Be Healthy

How to get a toned tummy.

^ Hayley Williams. Lead singer of Paramore and my thinspiration. She’s small but healthy. ^ 

The Best Workouts For a Toned Tummy. 

DOUBLE STRAIGHT LEGGED STRETCH. 

This exercise is very good for toning up your lower abdominal area. In fact, after about 5 repetitions you can really feel that area working! 

How to perform this exercise: 
1. Lie on your back with your legs straight. 
2. Slowly raise your head and neck off the mat as if you’re starting a basic crunch. Place your hands behind your head. 
3. Bend both legs in and raise them off the floor then straighten and point them in the air at an 11’o’clock position. Keep your head an neck off the floor. 
4. Slowly move both legs down (keeping them together and as straight as you can) until they are about a foot from the floor. 
5. Now raise them back up and begin again. 
6. Repeat this 10 times. 

You should feel your lower abdominal muscles working after only a few repetitions. As you get comfortable with them, push yourself to do more and more.  

CHAIR LEG LIFTS. 

You can perform this exercise in almost any kind of office or desk chair. 
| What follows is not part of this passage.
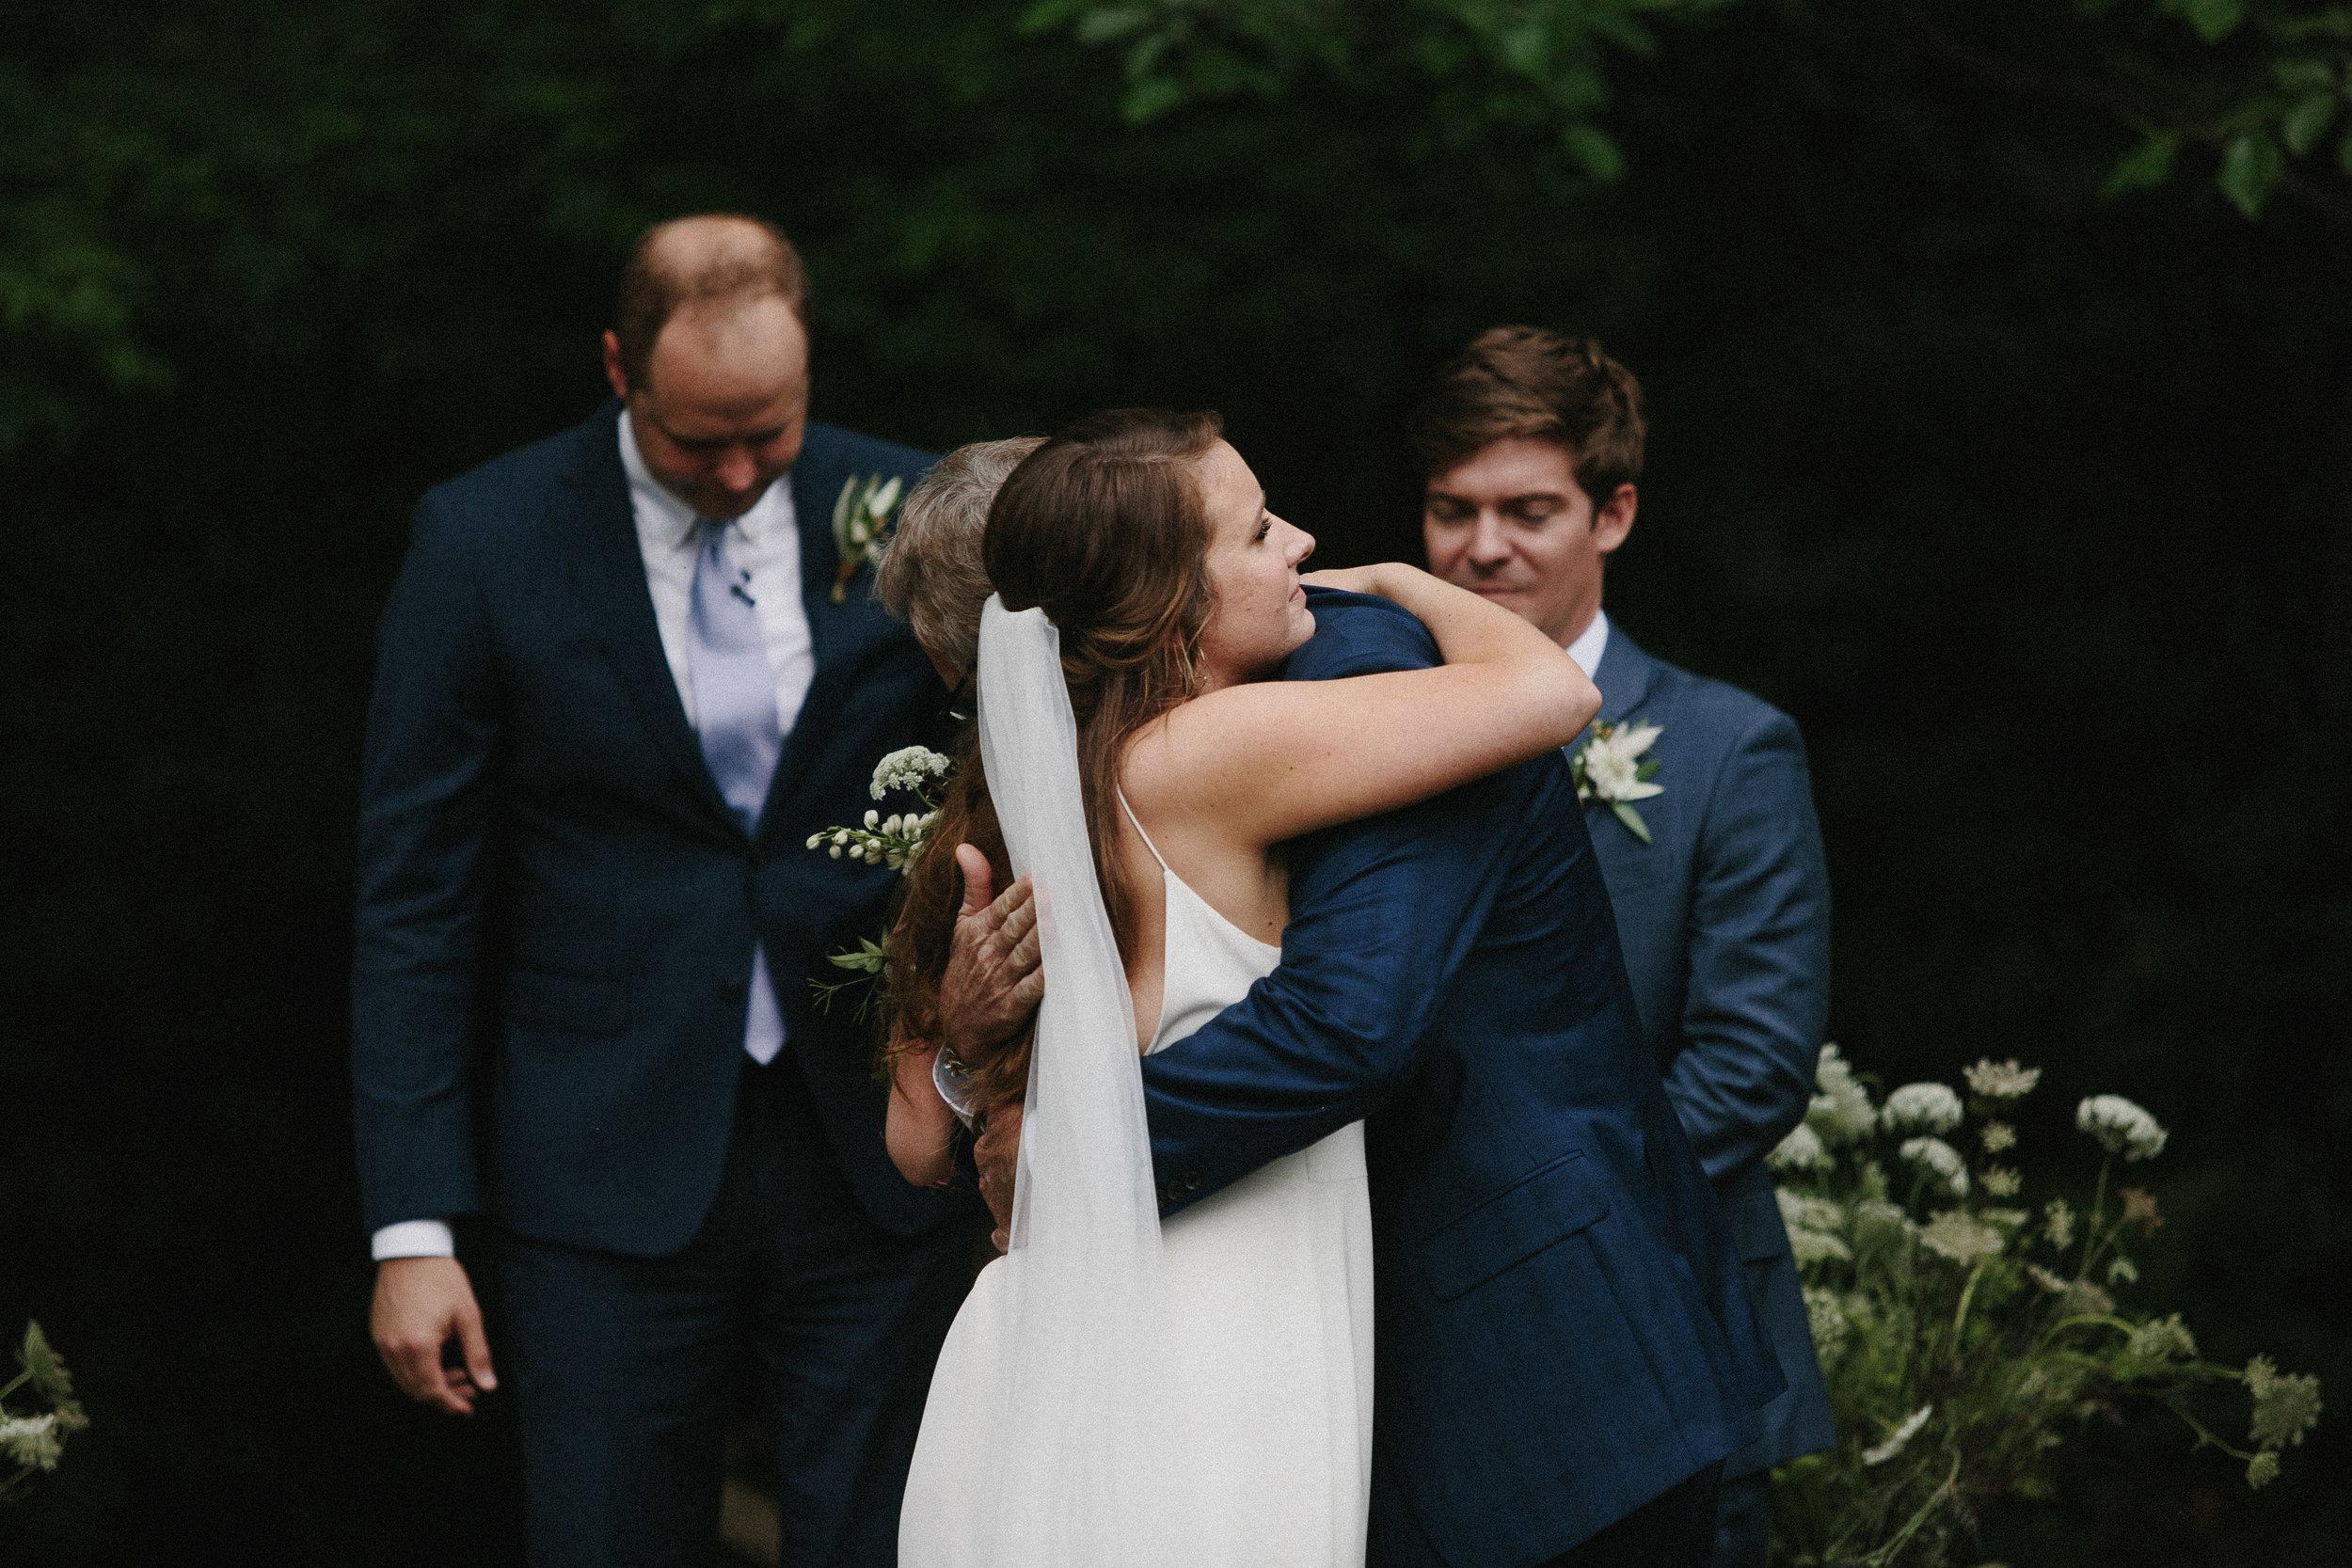 glen_ella_meadow_creekside_atlanta_wedding_photographers_1685.jpg
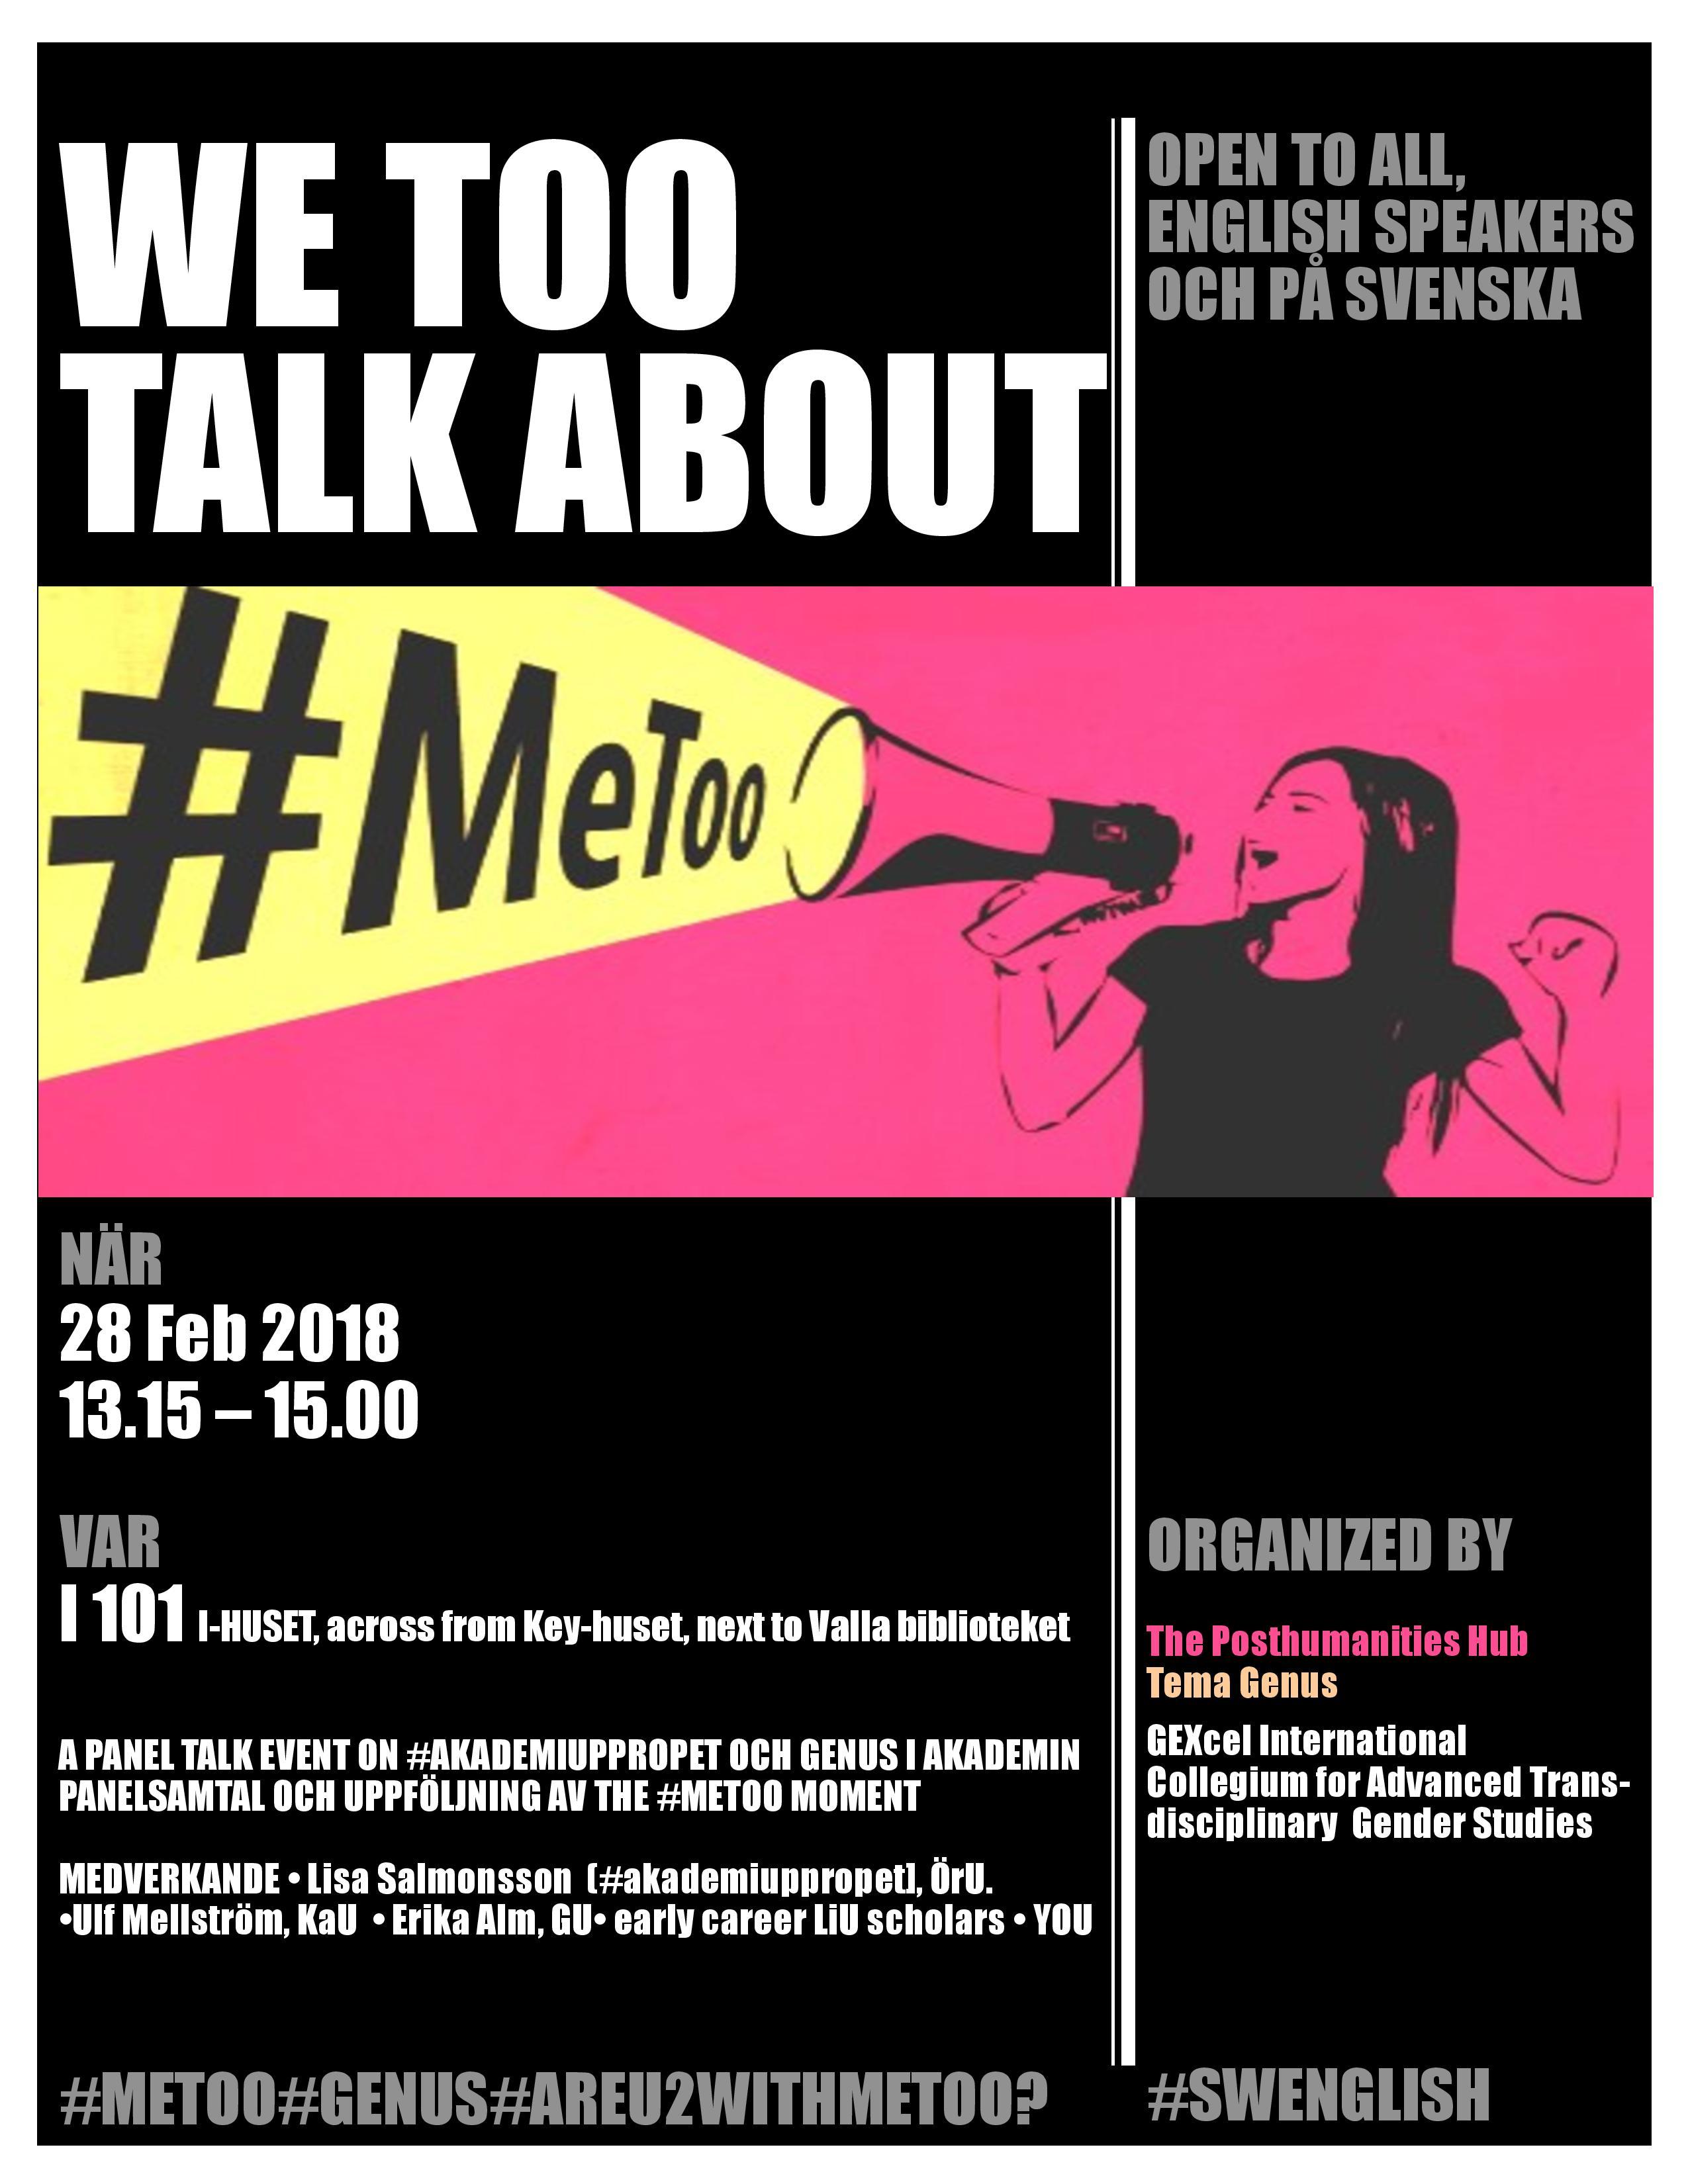 metoo event 28th Feb LiU

How to perform this exercise:
1. Sit upright with your back flat against the back of your chair. 
2. Place your hands on the desk in front of you or on the seat of the chair by your legs. 
3. Slowly lift your knees up toward your chest and hold for 5 seconds. 
4. Then slowly lower them back down, resting your feet on the floor. 
5. Breathe out when you lift your legs up and inhale when you lower them to the floor.  

In the beginning, you may find that you’re only able to do a few of these. That’s ok. As your abdominals get stronger, you’ll be able to do more. Hang in there!  

PELVIC THRUSTS. 

1. Start by lying on your back with your knees bent and arms straight beside you. 
2. Slowly lift and tilt your pelvis upwards as you exhale. As you tilt your pelvis, be sure you keep your lower back on the floor so you get the most out of the movement. 
3. Hold the movement for about 5 seconds and inhale as you relax your butt back down to the floor. 
4. Do about 10 to 15 reps and take a 90 second break between sets. Perform a total of 4 sets.